A flexible R package for nonnegative matrix factorization

Affiliations

A flexible R package for nonnegative matrix factorization

Renaud Gaujoux et al. BMC Bioinformatics. .

Abstract

Background: Nonnegative Matrix Factorization (NMF) is an unsupervised learning technique that has been applied successfully in several fields, including signal processing, face recognition and text mining. Recent applications of NMF in bioinformatics have demonstrated its ability to extract meaningful information from high-dimensional data such as gene expression microarrays. Developments in NMF theory and applications have resulted in a variety of algorithms and methods. However, most NMF implementations have been on commercial platforms, while those that are freely available typically require programming skills. This limits their use by the wider research community.

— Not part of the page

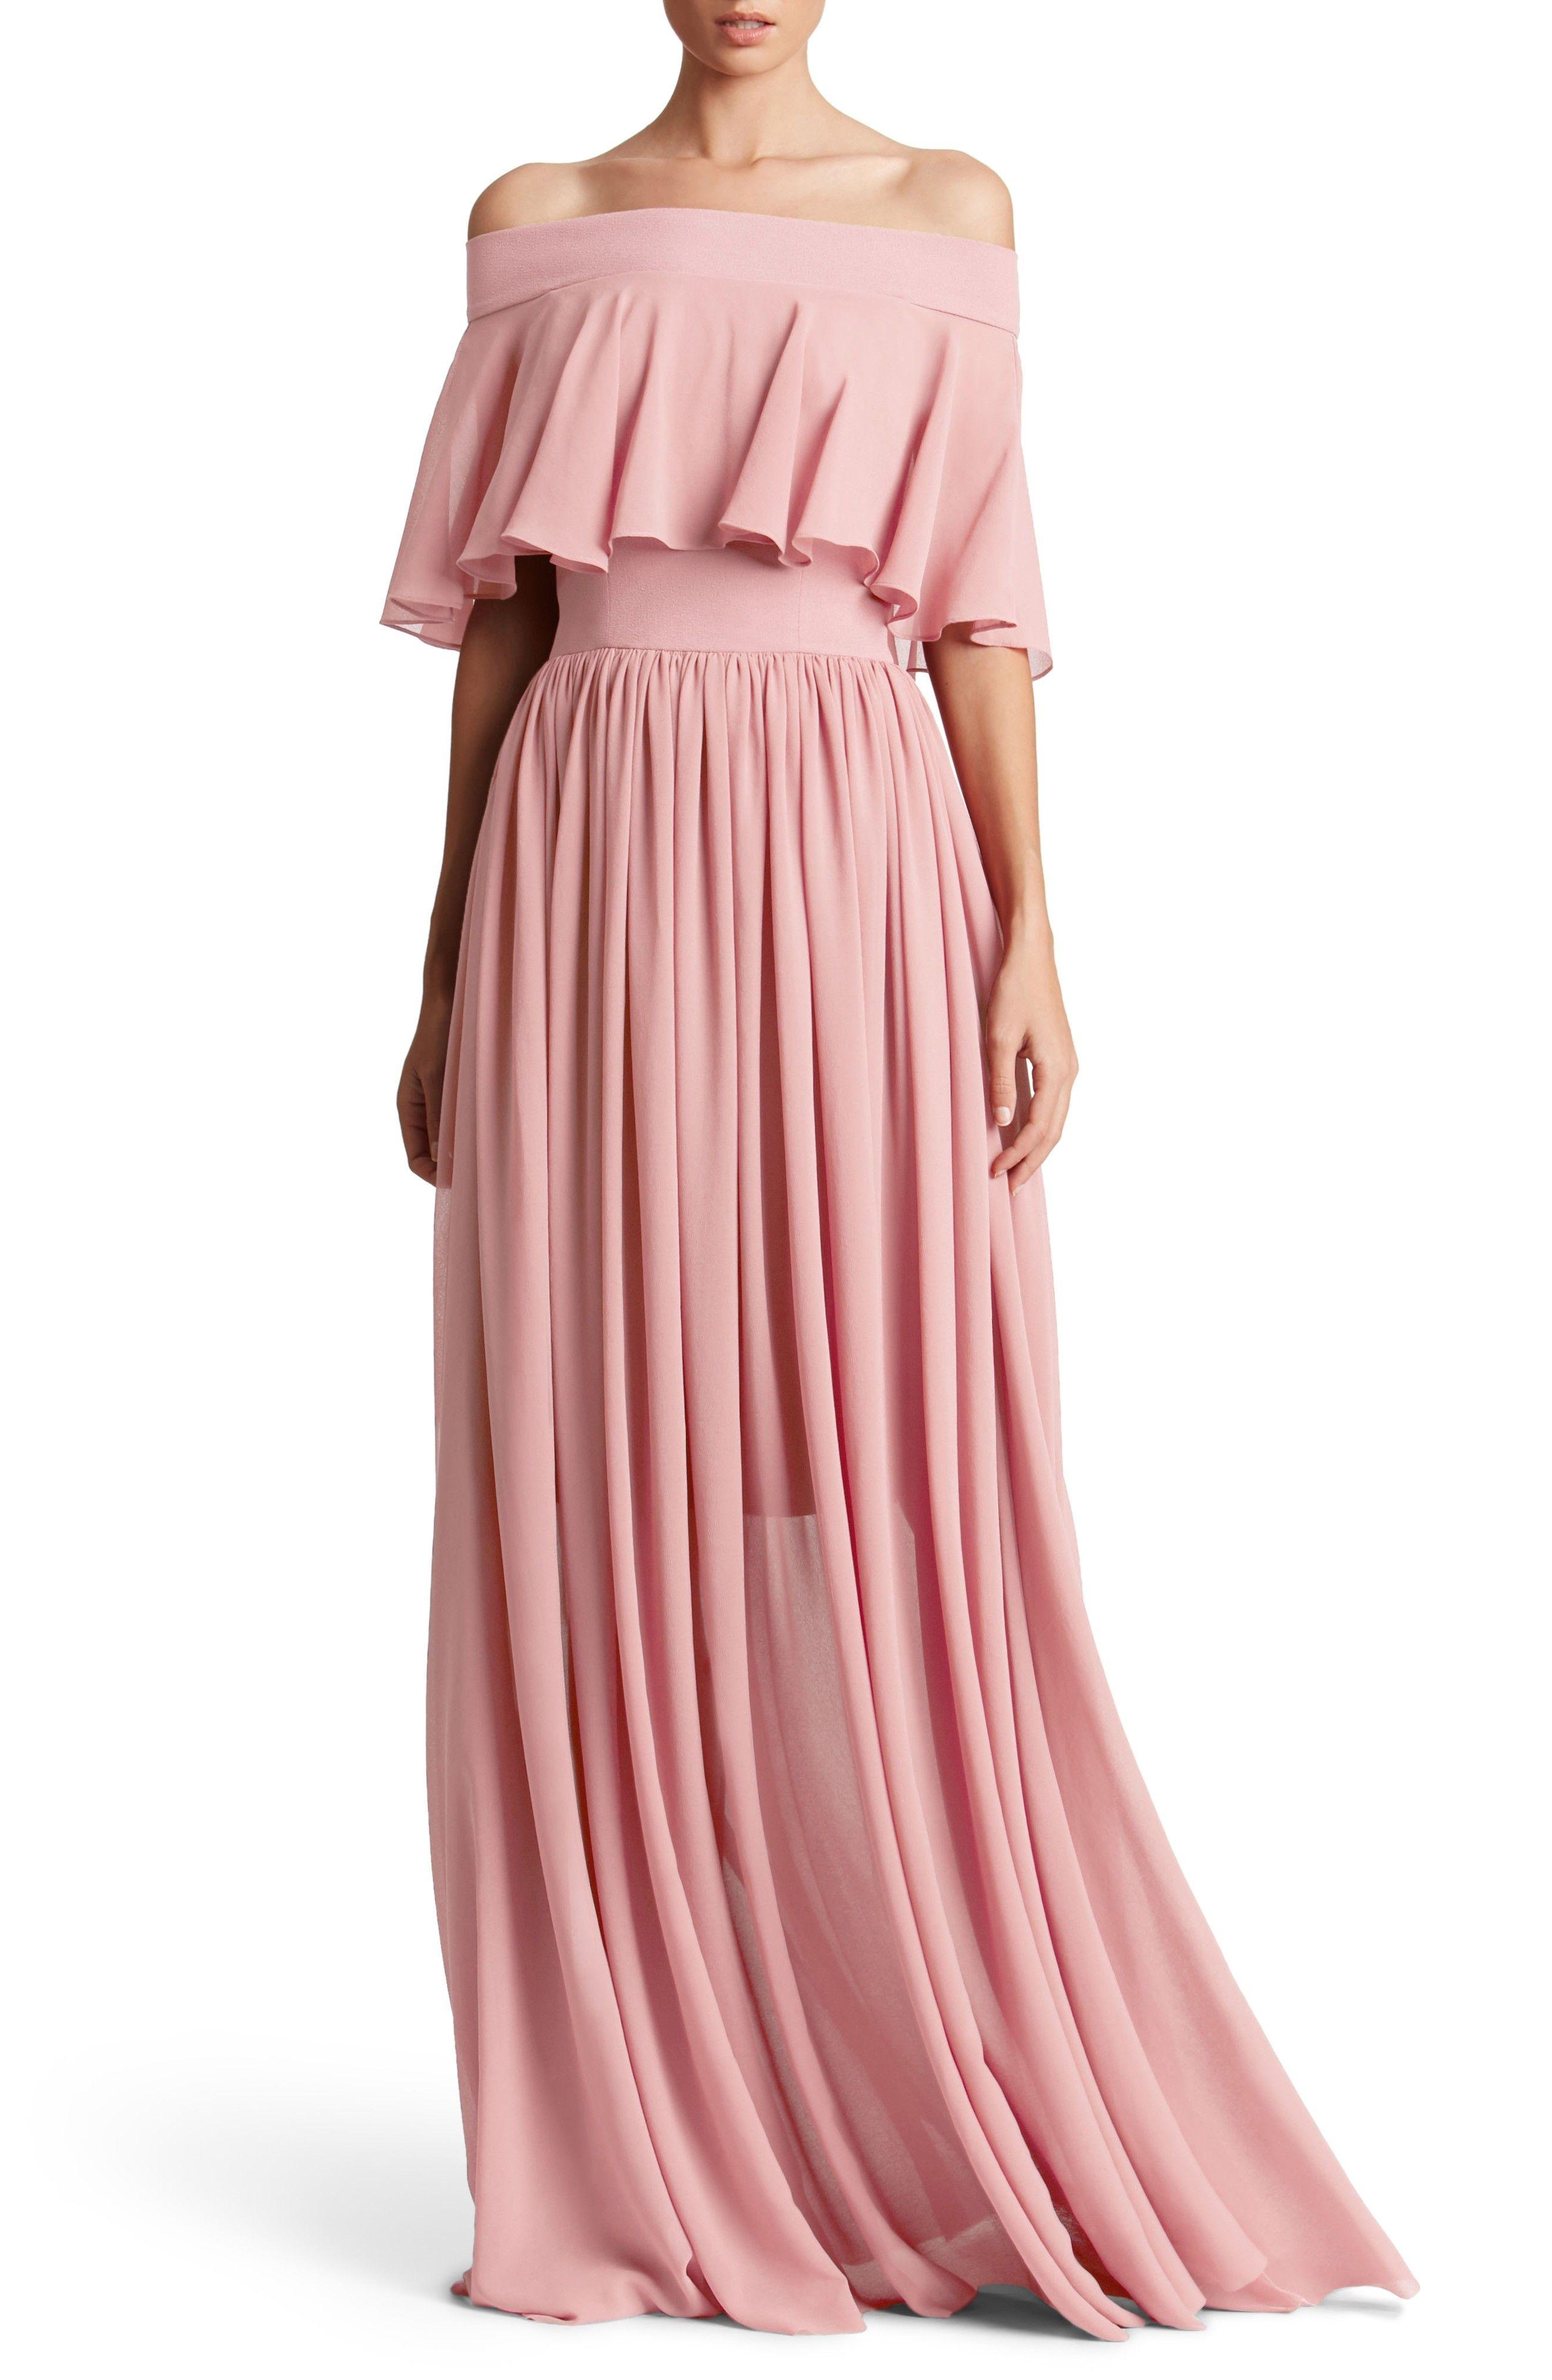 Blush Wedding Styling + Nordstrom Anniversary Sale
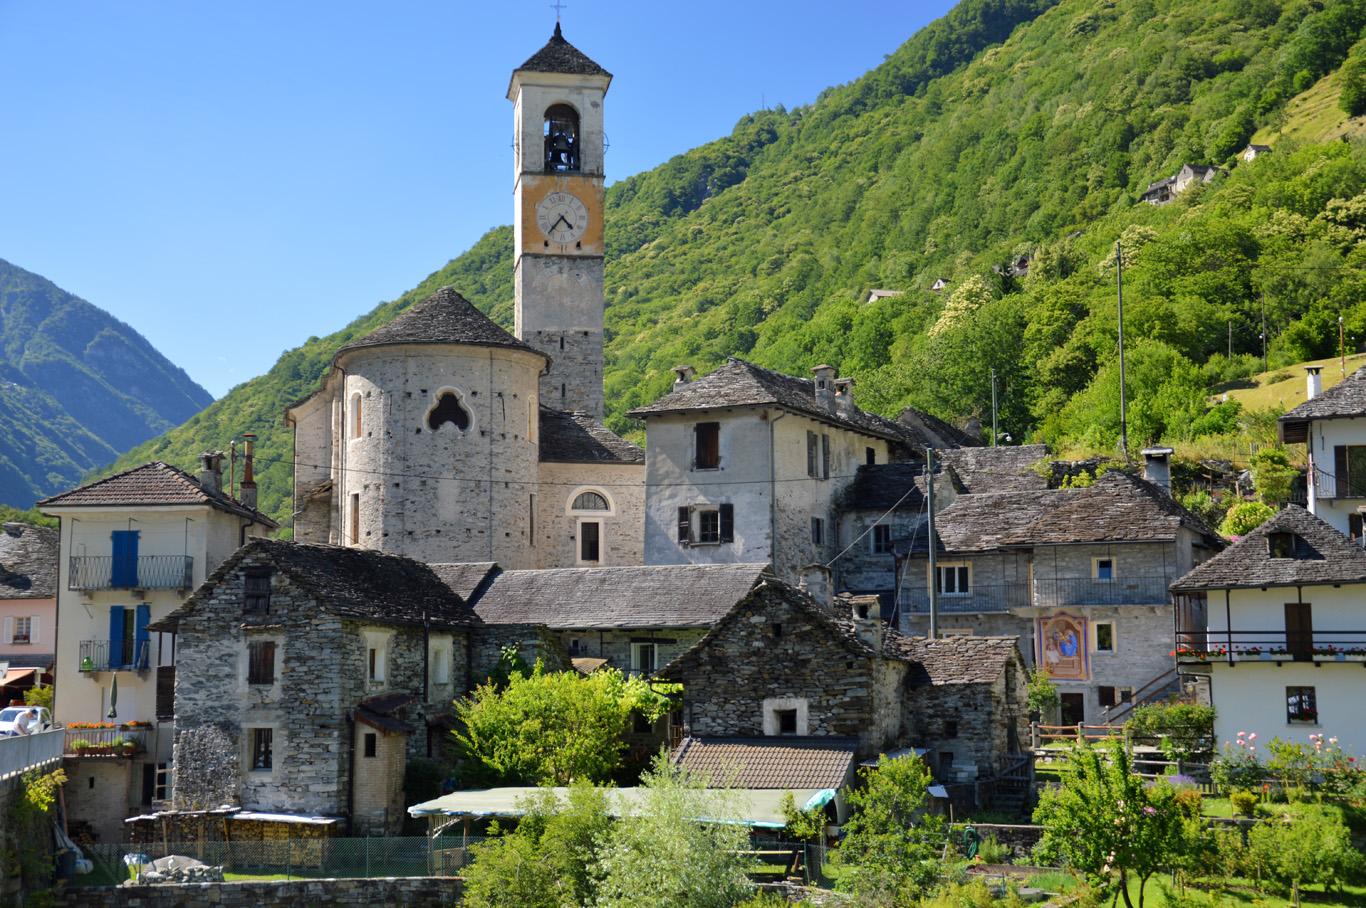 A village near Ponte dei Salti

Results: Our objective is to provide the bioinformatics community with an open-source, easy-to-use and unified interface to standard NMF algorithms, as well as with a simple framework to help implement and test new NMF methods. For that purpose, we have developed a package for the R/BioConductor platform. The package ports public code to R, and is structured to enable users to easily modify and/or add algorithms. It includes a number of published NMF algorithms and initialization methods and facilitates the combination of these to produce new NMF strategies. Commonly used benchmark data and visualization methods are provided to help in the comparison and interpretation of the results.

Conclusions: The NMF package helps realize the potential of Nonnegative Matrix Factorization, especially in bioinformatics, providing easy access to methods that have already yielded new insights in many applications. Documentation, source code and sample data are available from CRAN.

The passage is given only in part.